131 does not help at all. 26501365 - is the number of steps. It is not divisible by 131. 26501365 - 133 is also not divisible by 131. So yeah, while there is a pattern, I do not see how it can help me.

I was playing a bit with numbers. IDK if that has a meaning but 202300 * 131 + 65 = 26501365

65 + 131 * 0 = 3_917
65 + 131 * 1 = 34_920
65 + 131 * 2 = 96_829
65 + 131 * 3 = 189_644
65 + 131 * 4 = 313_365
65 + 131 * 5 = 467_992

Does it make any sense?

It does. Oh boy, it does. d1 - first derivative. d2 - second derivative.

N     Value       d1         d2
0    3_917
1    34_920      31_003
2    96_829      61_909     30_906
3    189_644     92_815     30_906           

This means I can use simple math to calculate needed values like that.

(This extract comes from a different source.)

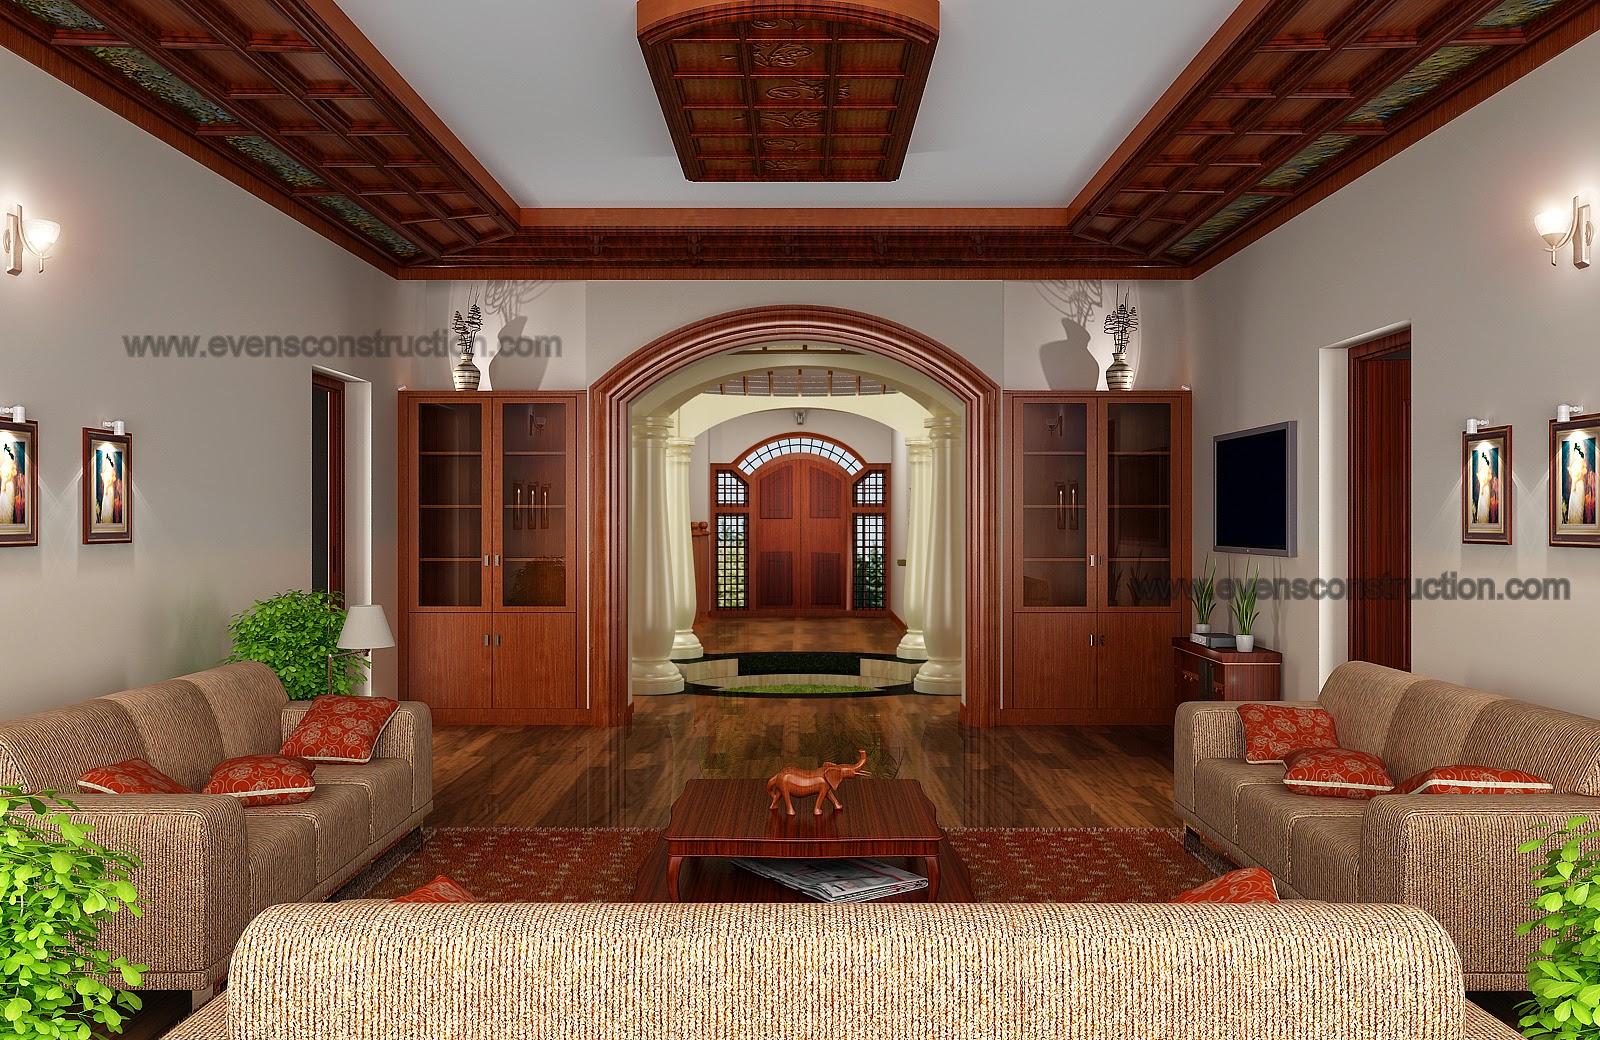 Evens construction pvt ltd modern kerala living room for Modern living room in kerala

1: 3_917 + 31_003 + 30_906 * 0 = 34_920
2: 34_920 + 31_003 + 30_906 * 1 = 96_829
3: 96_829 + 31_003 + 30_906 * 2 = 189_644
4: 189_644 + 31_003 + 30_906 * 3 = 313_365
5: 313_365 + 31_003 + 30_906 * 4 = 467_992

Now I need to repeat that 202300 times. Easy.


As an afterword, I can say that time I spent on Advent of Code was well spent. I had a lot of fun, and I am looking forward to the next one.